EXERCISE BRIEF |
If a line in the records below contains the word "Engine", copy it out.

┌─ DATA TO USE

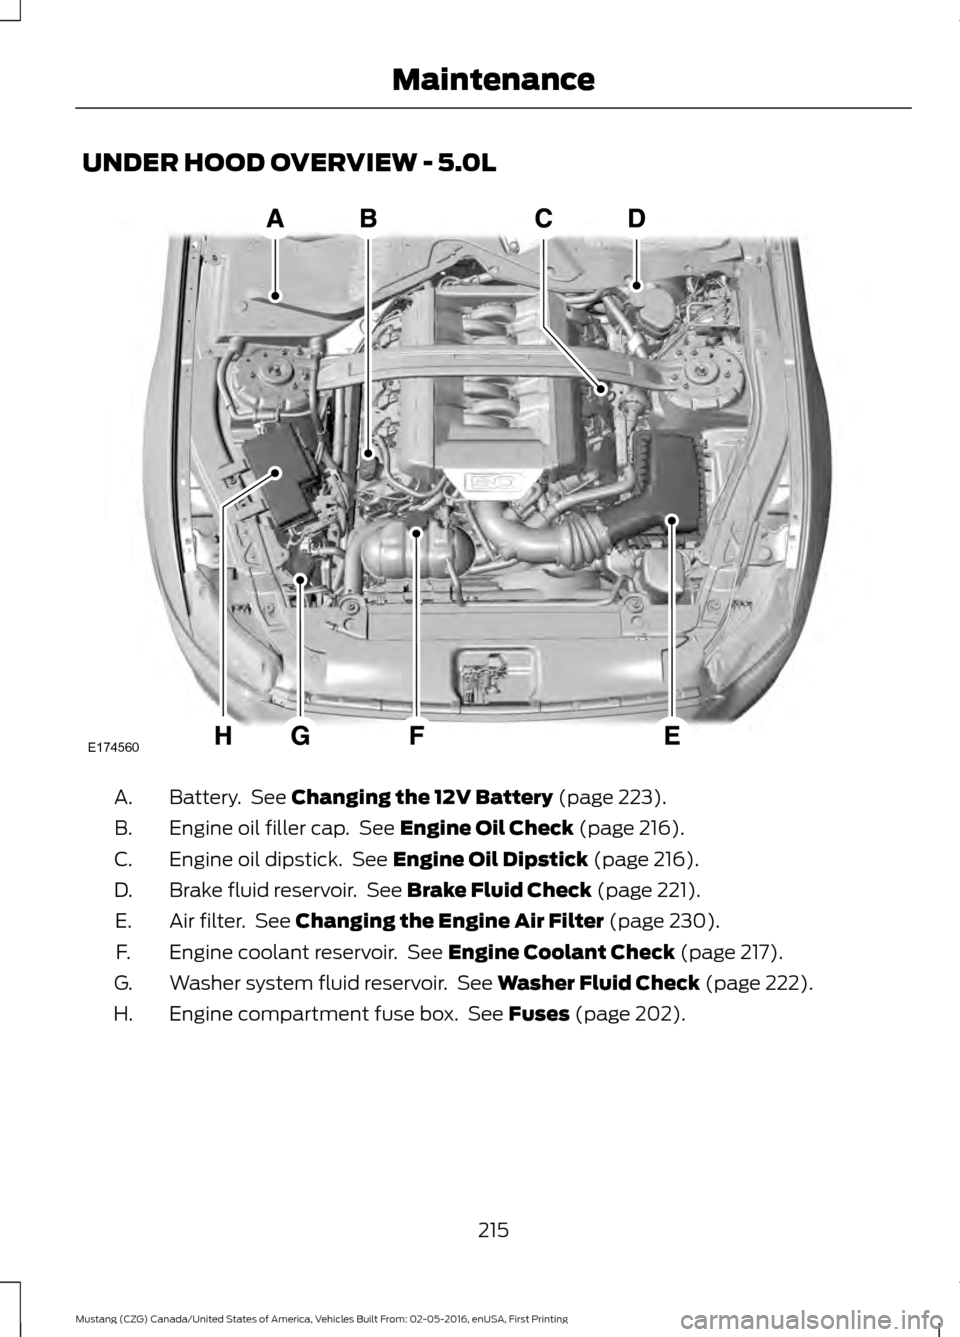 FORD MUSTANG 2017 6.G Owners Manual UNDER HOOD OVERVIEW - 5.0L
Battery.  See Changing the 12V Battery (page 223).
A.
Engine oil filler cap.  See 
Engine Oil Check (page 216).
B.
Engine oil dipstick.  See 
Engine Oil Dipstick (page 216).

└─

FINAL ANSWER |
Engine oil filler cap.  See 
Engine Oil Check (page 216).
Engine oil dipstick.  See 
Engine Oil Dipstick (page 216).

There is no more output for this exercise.